C.  Low moisture sensitivity

Unlike CF-nylon composites, ABS does not absorb significant moisture. ABS-CF10 parts retain mechanical properties without strict drying / sealed-storage protocols, simplifying production workflows.

D.  Limitations

Mechanical properties are well below CF-nylon grades; not flame-retardant; UV-sensitive; HDT limited to ~90 °C.

IX.  REPRESENTATIVE APPLICATIONS

ABSCF (ABS-CF10) is typically deployed in the following applications:

1)  Factory-floor tooling and fixtures: Workholding, soft-jaw machining fixtures, alignment jigs.

2)  Robotic end-of-arm tooling (EOAT): Pick-and-place grippers, vacuum manifolds where stiffness reduces deflection.

3)  Functional prototypes requiring stiffness: Pre-production parts that closely simulate metal stiffness.

4)  Drone components and UAV airframes: Consumer / hobby grade where CF-nylon is over-specification.

5)  Replacement industrial parts: Brackets and mounts in production environments.

Photographs of representative parts in these applications are not reproduced here for copyright reasons; the table below provides direct manufacturer / case-study URLs where original imagery and project descriptions can be viewed.

TABLE VI
 
SUGGESTED IMAGE / CASE-STUDY SOURCES

Application area

Source URL

Stratasys ABS-CF10 product page

https://www.stratasys.com/en/materials/materials-catalog/fdm-materials/abs-cf10/

Siraya Tech Fiberheart ABS-CF Core

https://siraya.tech/products/siraya-tech-fiberheart-abs-cf-core-3d-filament-fdm-printing

TriMech ABS-CF10 overview

https://mfg.trimech.com/abs-cf10-cf-3d-printing-material/

X.  REFERENCES

[1]  Stratasys, “ABS-CF10 Material Data Sheet,” 2023. https://www.stratasys.com/en/materials/materials-catalog/fdm-materials/abs-cf10/

[2]  Siraya Tech, “Fiberheart ABS-CF Datasheet,” 2024. https://siraya.tech/pages/siraya-tech-fiberheart-abs-cf-tds

[3]  3DXTech, “CarbonX™ ABS+CF Datasheet,” 2024.

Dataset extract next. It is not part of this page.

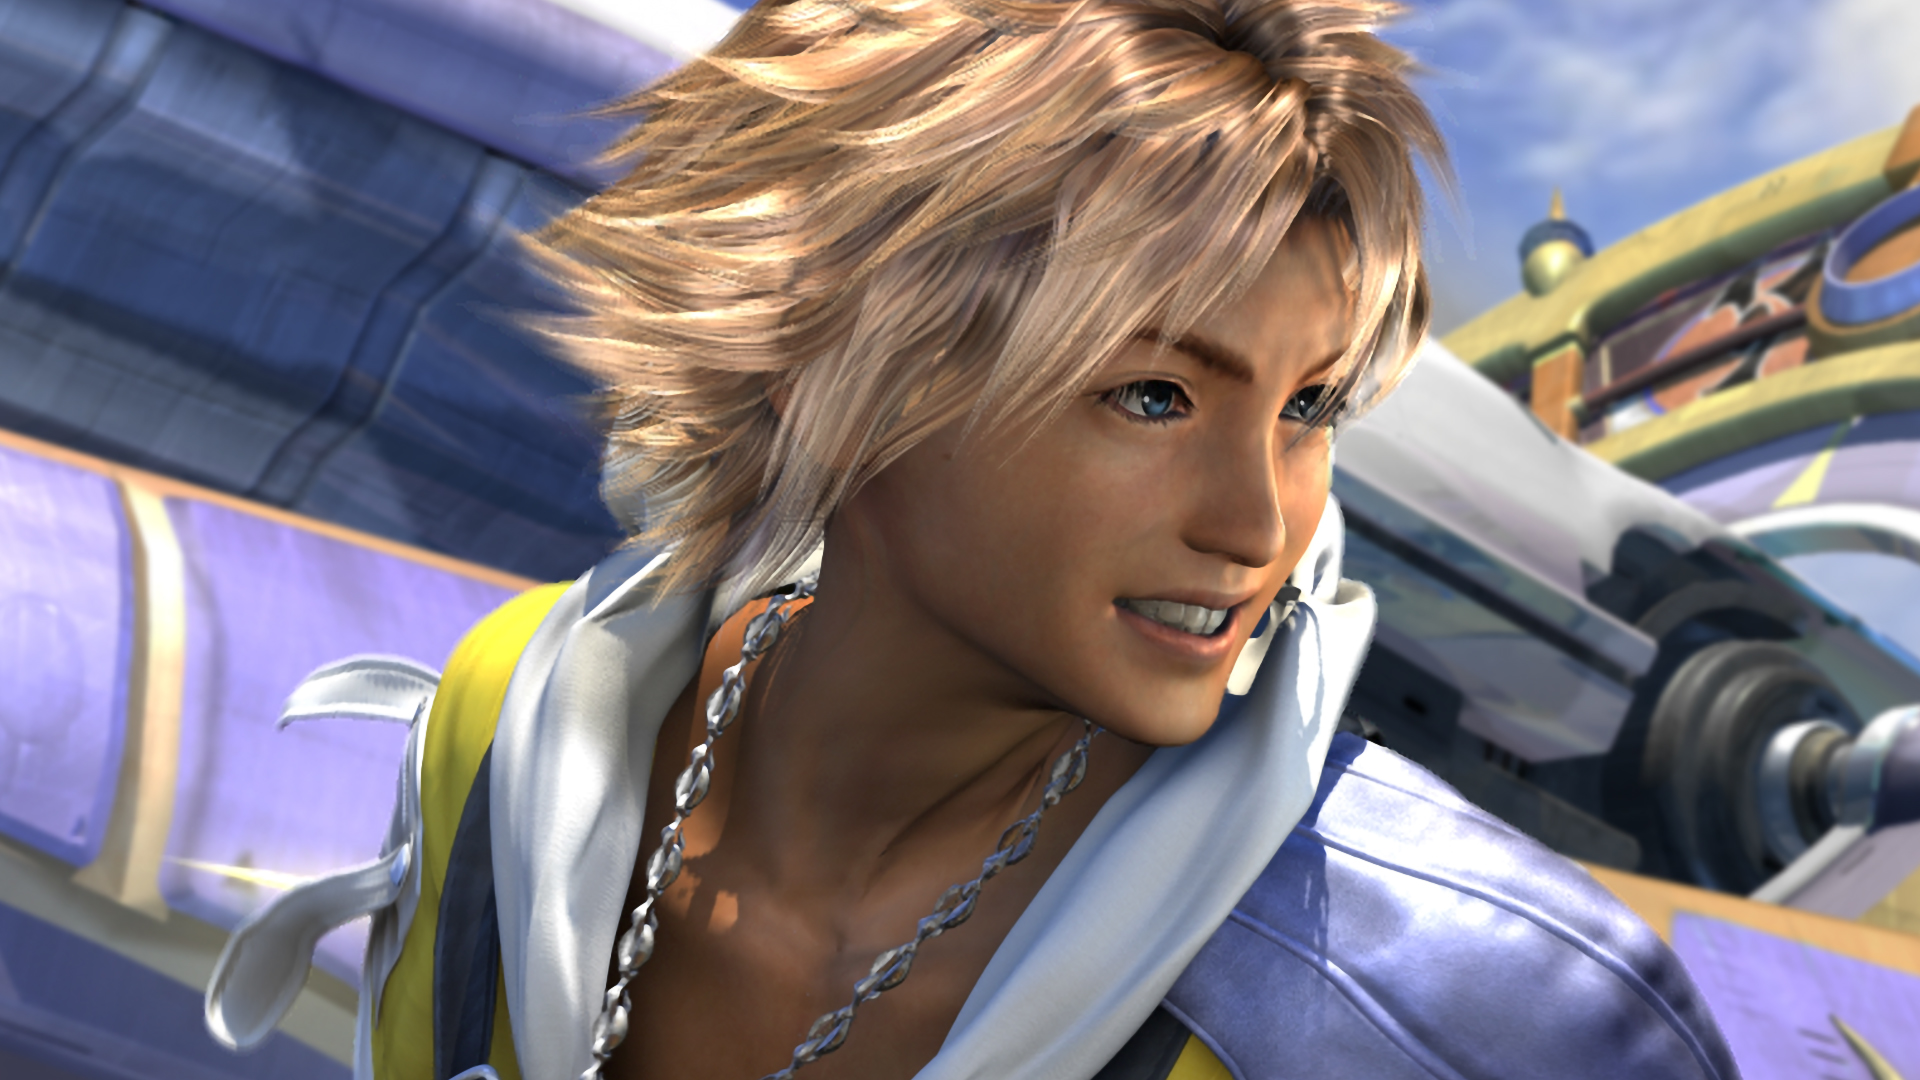 Final Fantasy X X 2 Hd Coming To Steam On May 12 Godisageek Com

[4]  S. Han et al., “Effects of Annealing for Strength Enhancement of FDM 3D-Printed ABS Reinforced with Recycled Carbon Fiber,” Polymers, 2023. https://www.ncbi.nlm.nih.gov/pmc/articles/PMC10384234/

[5]  Q. Ning et al., “Additive Manufactured Sandwich Composite/ABS Parts for UAV Applications,” Aerospace, 2019.

[6]  ASTM D638-14; ASTM D256-10; ASTM D648-18.